* Your objective: From the listing below, restate word for word the lines from the line containing "Tjana Fleur Блузка" down through the line containing "National Institute of Design, India". Exclude pictures.

* Source data:
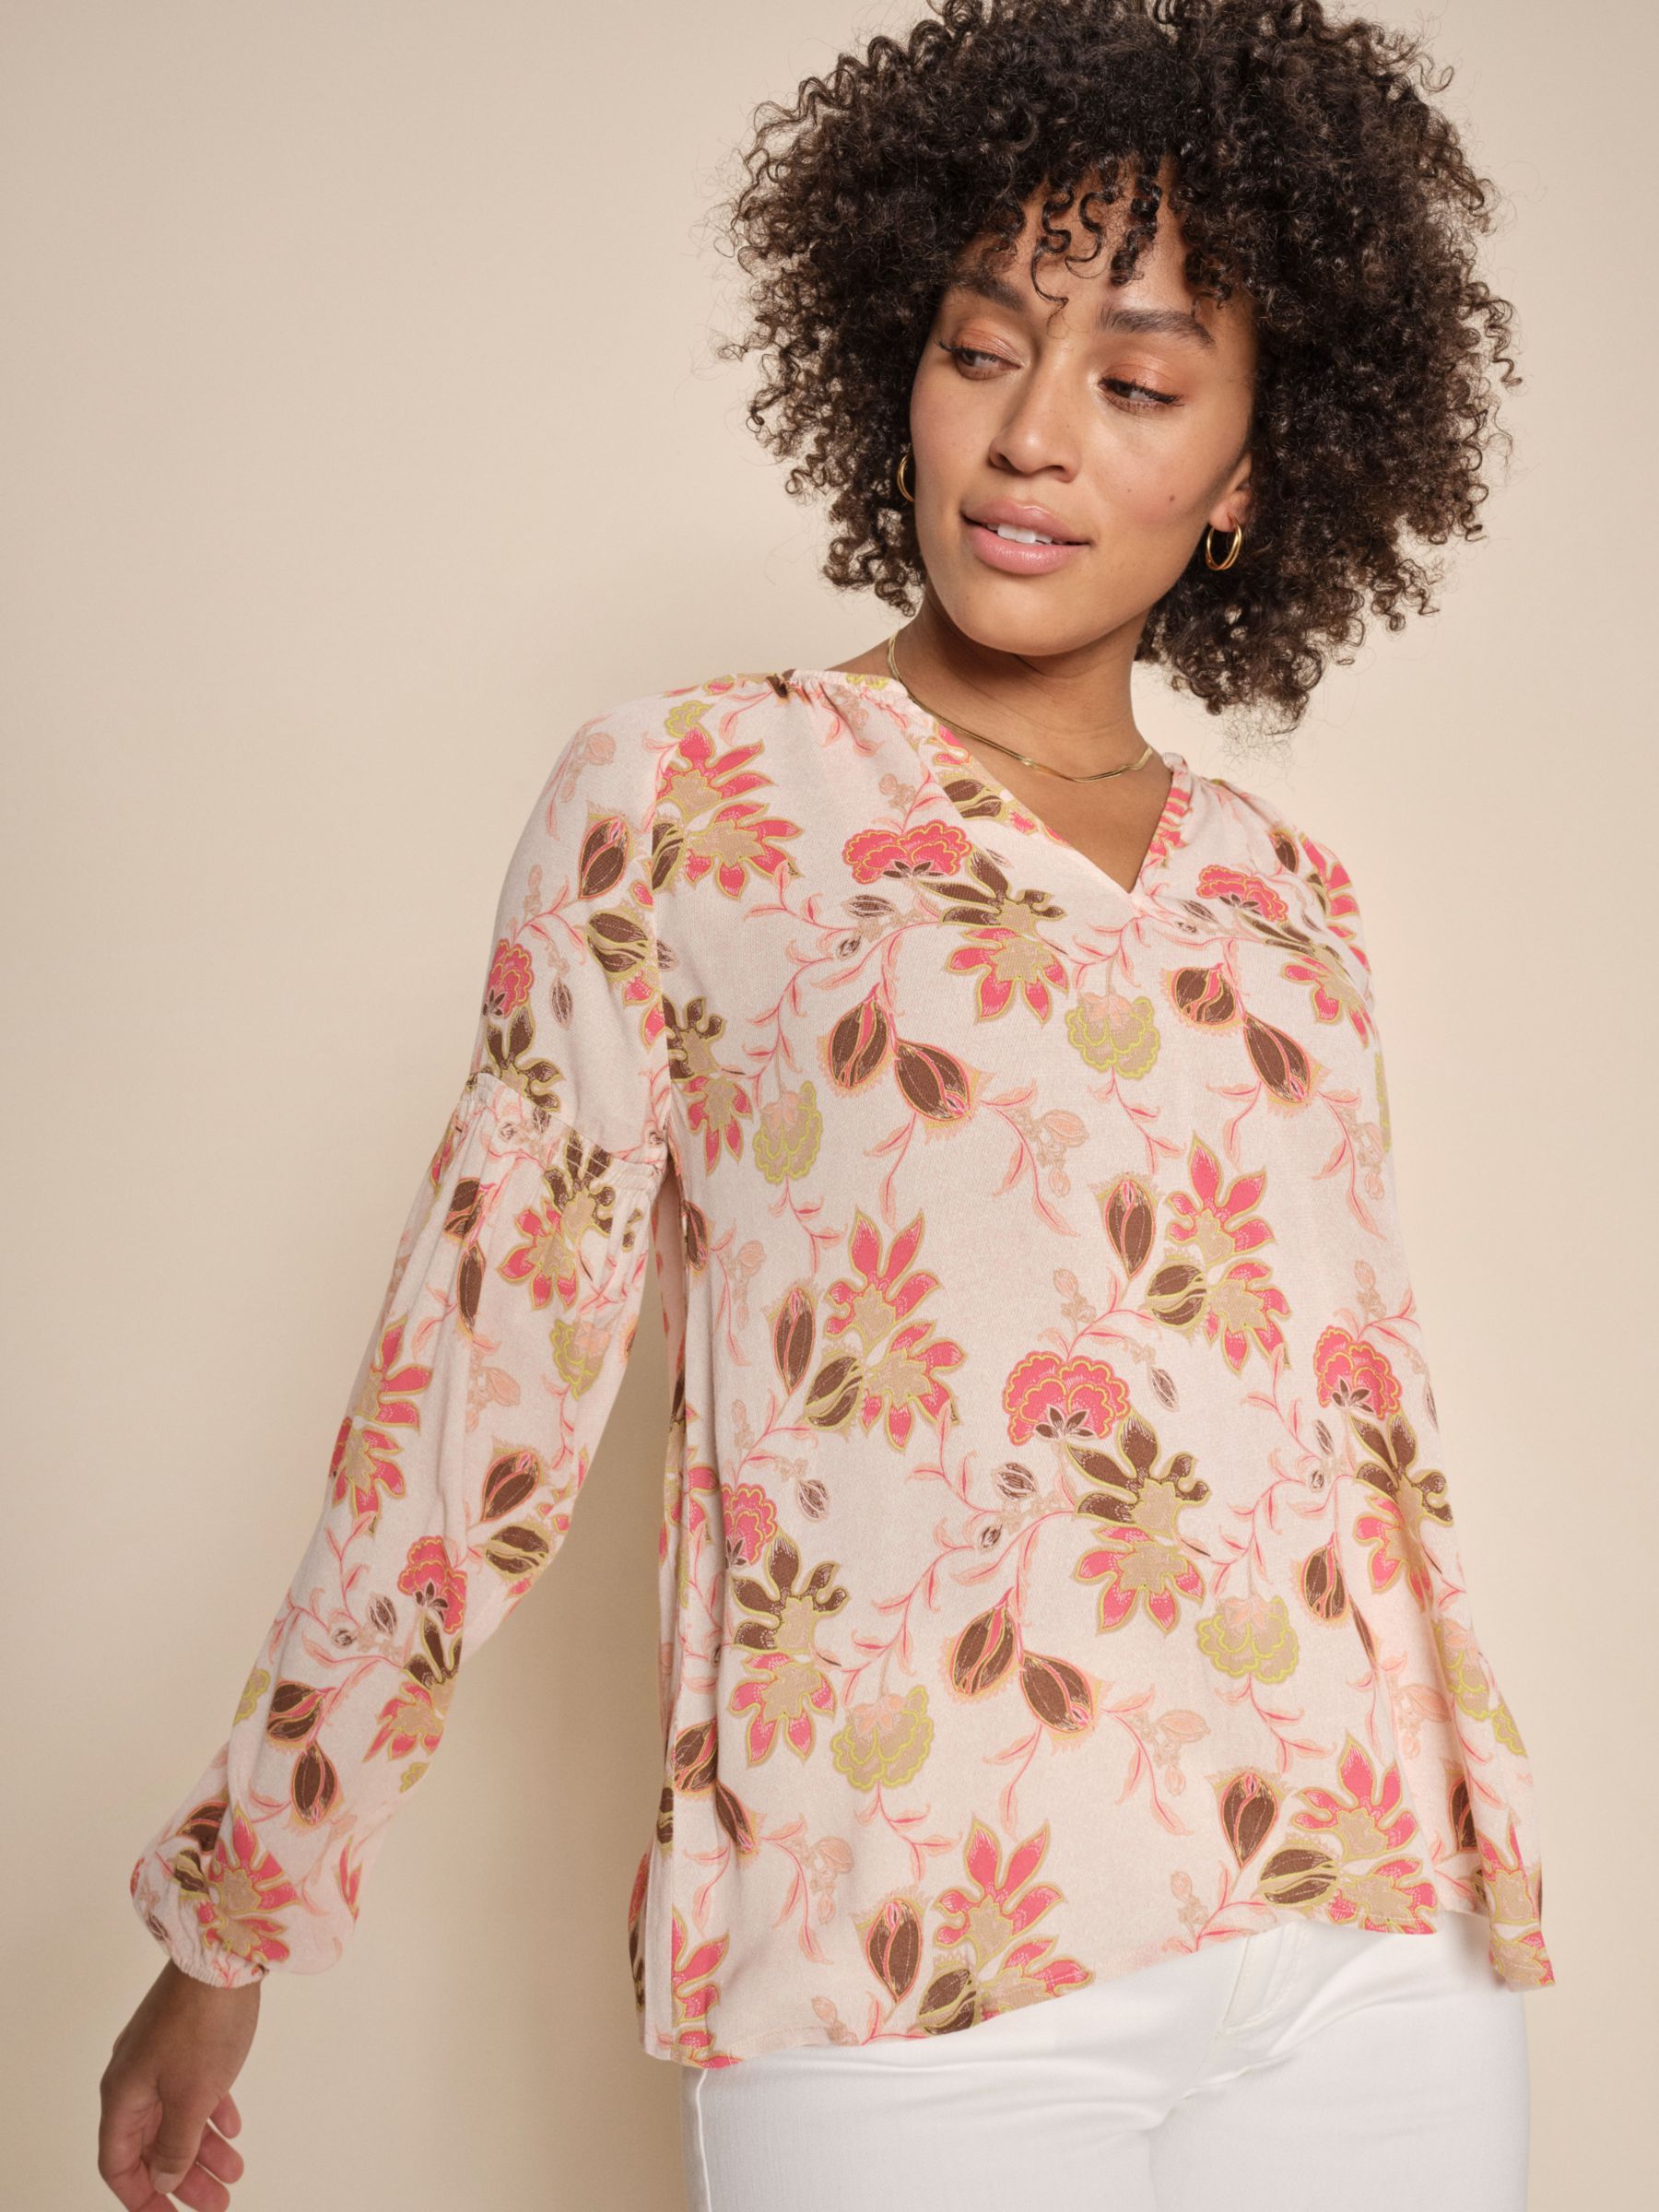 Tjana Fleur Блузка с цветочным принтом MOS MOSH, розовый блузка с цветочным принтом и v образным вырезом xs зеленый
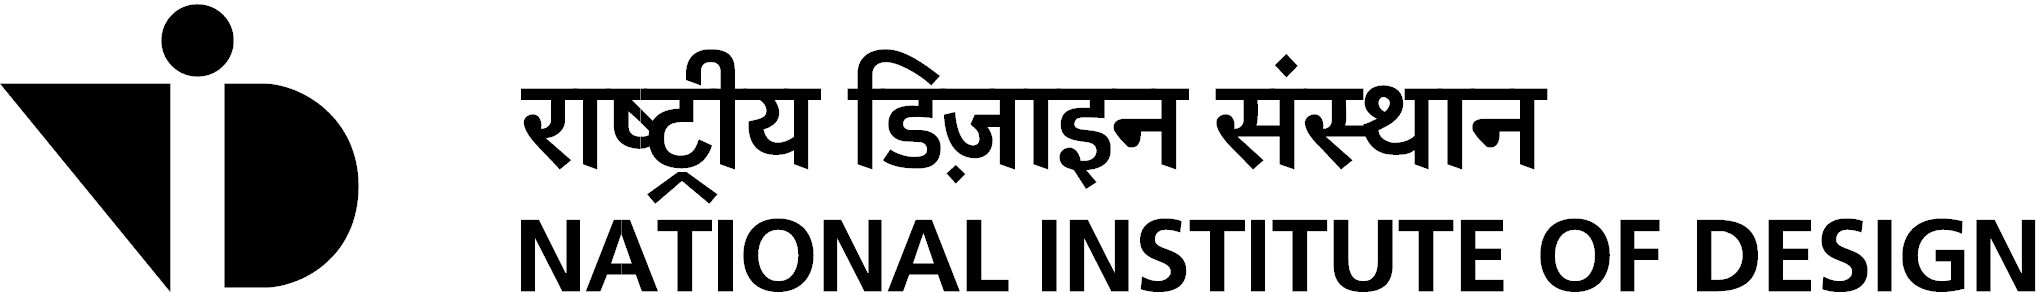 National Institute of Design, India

---

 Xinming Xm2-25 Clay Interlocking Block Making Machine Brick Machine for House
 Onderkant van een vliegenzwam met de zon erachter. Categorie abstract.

* * *

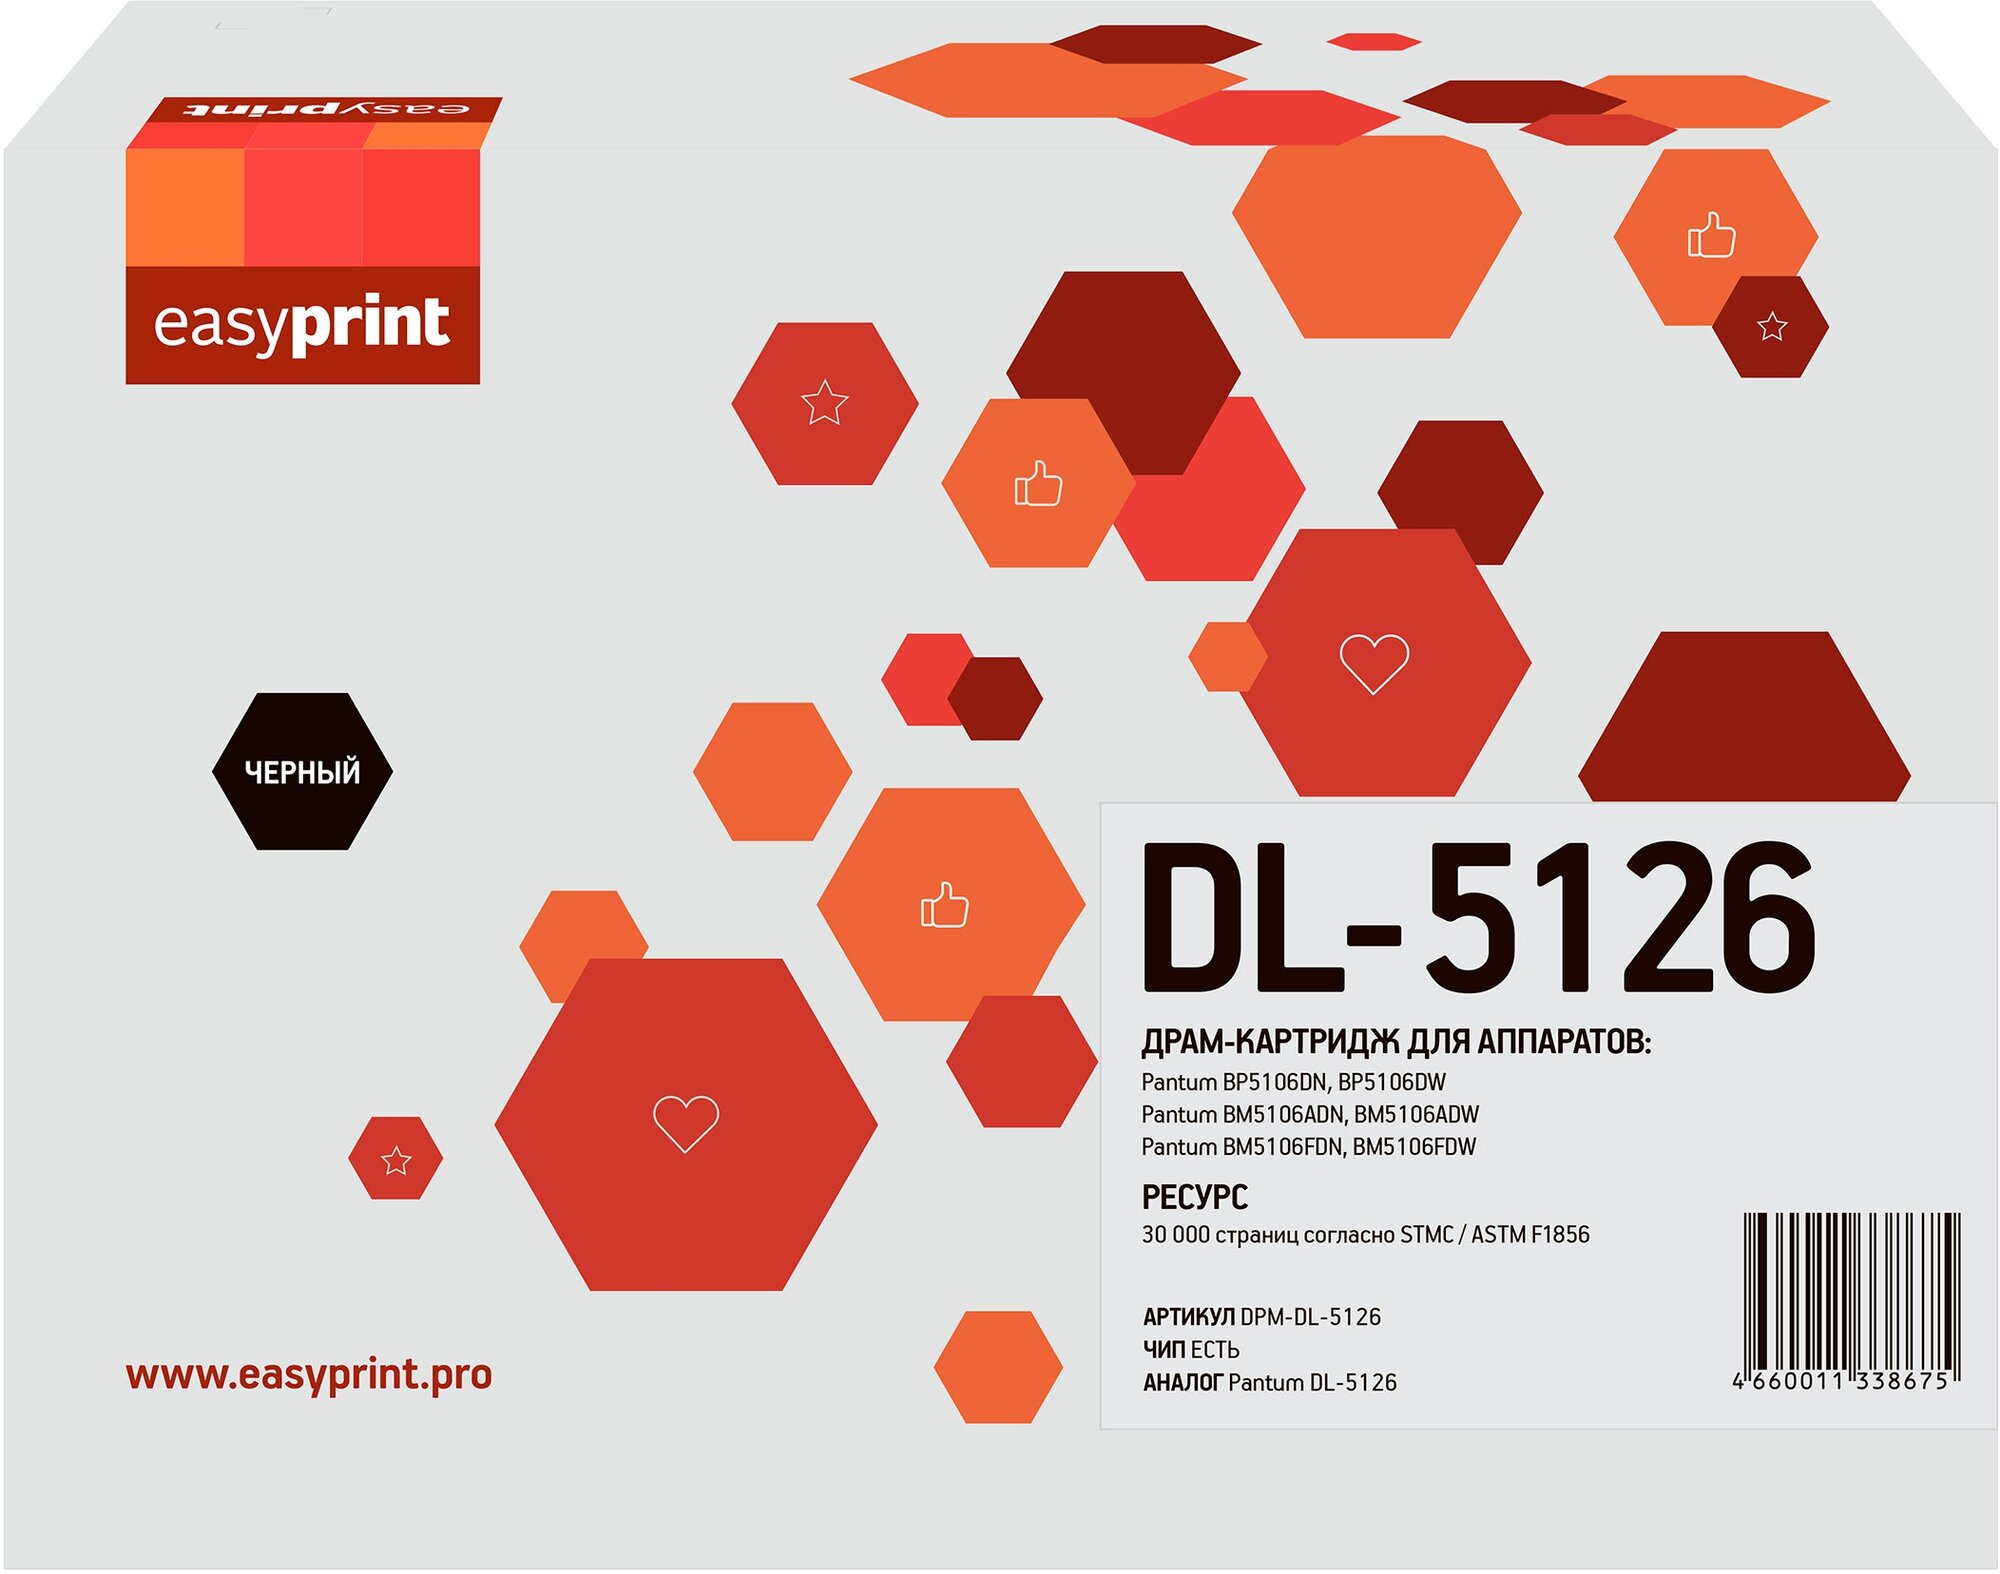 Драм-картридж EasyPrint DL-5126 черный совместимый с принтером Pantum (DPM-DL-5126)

* Answer section:
 Tjana Fleur Блузка с цветочным принтом MOS MOSH, розовый блузка с цветочным принтом и v образным вырезом xs зеленый
 National Institute of Design, India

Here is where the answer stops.